Re: adding the mean and standard deviation to boxplots

Fernando Marmolejo-Ramos
In reply to this post by HBaize
Dear users

This is a message I was directing to Harold Baize but because I pressed the wrong button the message got lost grrrr!!!

So I’m doing it all over again:

Lets suppose I have three batches of data:

a <- rnorm(50,2500,300)
b <- rnorm(50,3500,250)
c <- rnorm(50,4000,200)

# Now I want to plot them as boxplots and violin plots
require(vioplot)
vioplot (a,b,c, horizontal=T, col=“white”)
boxplot (a,b,c, horizontal=T, col=“white”)

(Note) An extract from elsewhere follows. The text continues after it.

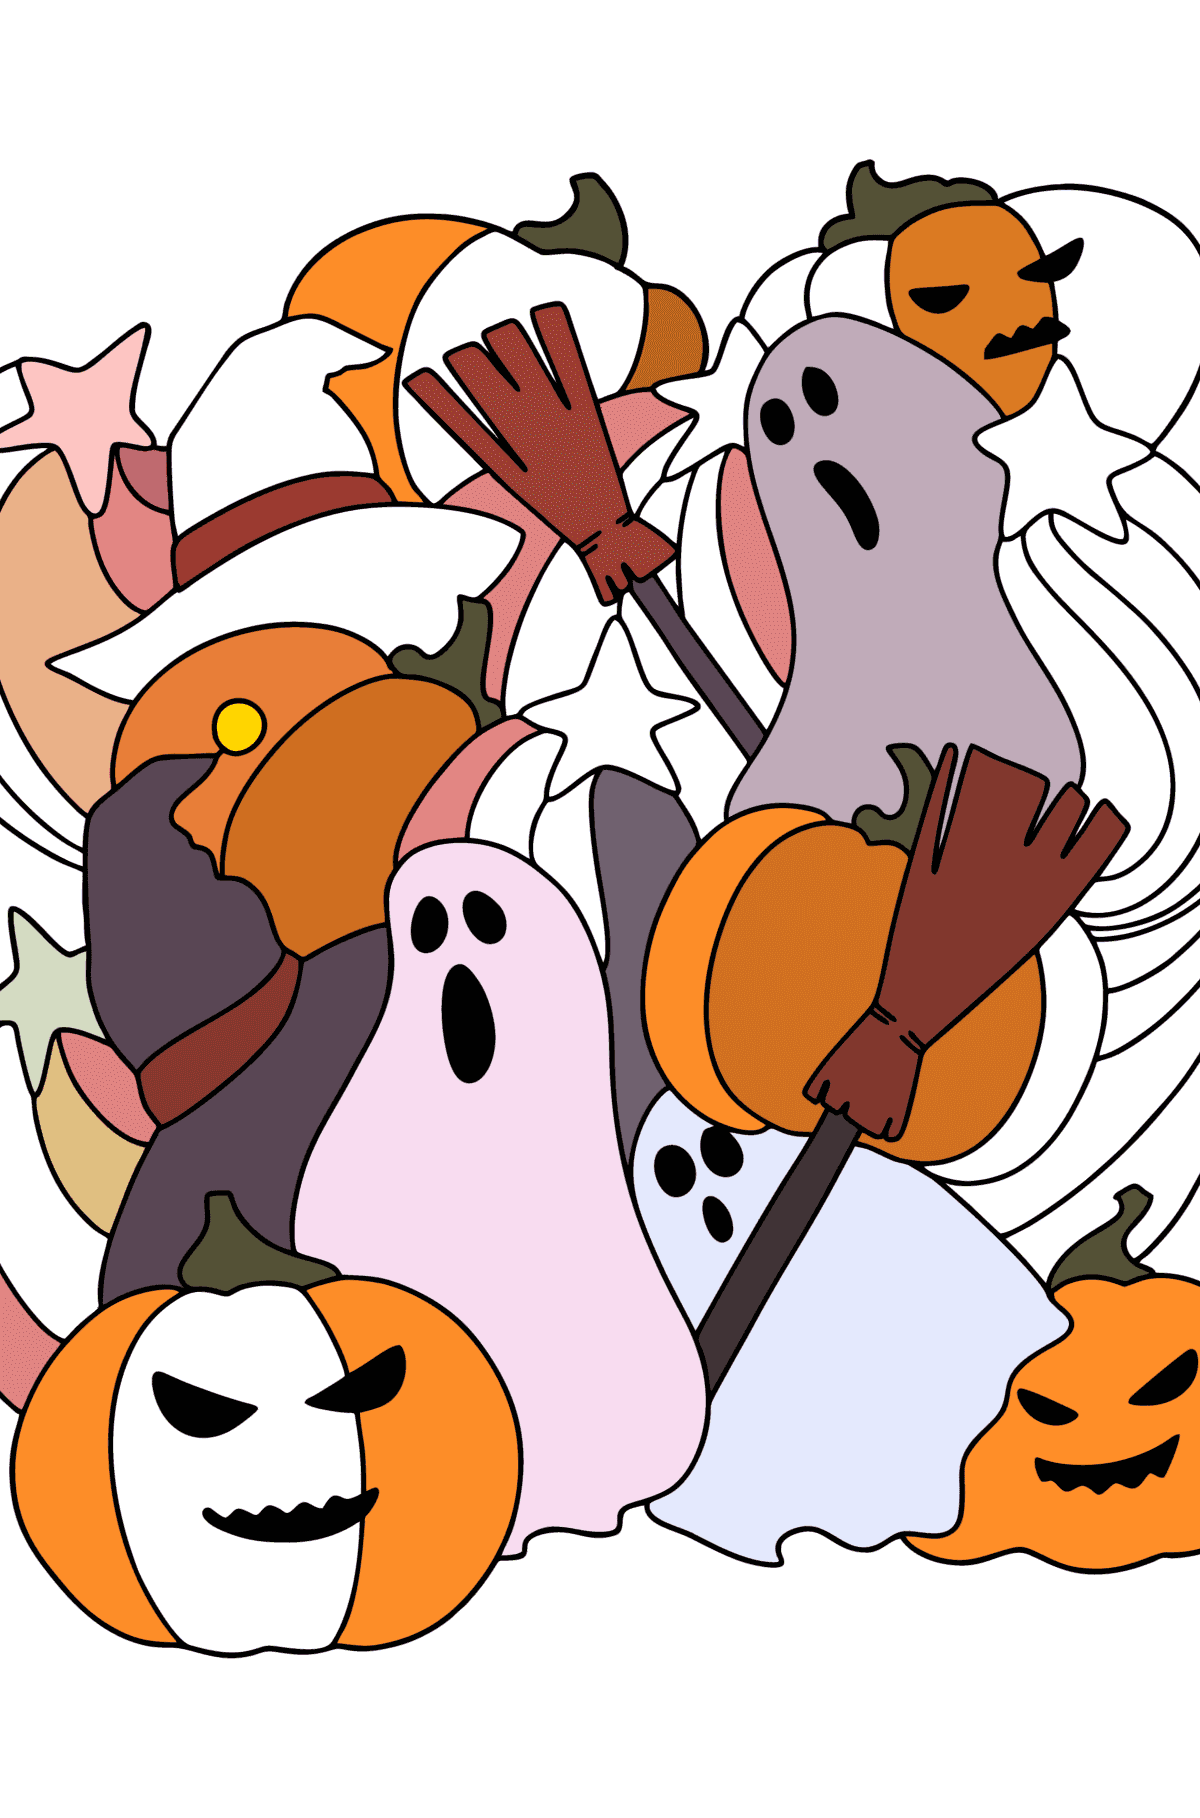 Doodle Malseite für Kinder - Halloween - Malvorlagen für Kinder

As we know boxplot show the least-greates values, lower-upper quartiles, the mean, and outliers (when present).

However, for some data is not important the MEDIAN but the MEAN. Also, it is more relevant to show ERROR BARS instead of quartiles.

So, how could I see (for the batches of data I introduced above)…

1. a boxplot showing the MEAN and the SD instead of the lower/upper quartile?
2. a boxplot showing the MEAN and the STANDARD ERROR OF THE MEAN instead of the lower/upper quartile?
3. a boxplot showing the MEAN and the 95% CI instead of the lower/upper quartile?

(I think in all these cases is preferable to have visual access, or to have the line that shows, the LEAST and the GREATEST VALUES.)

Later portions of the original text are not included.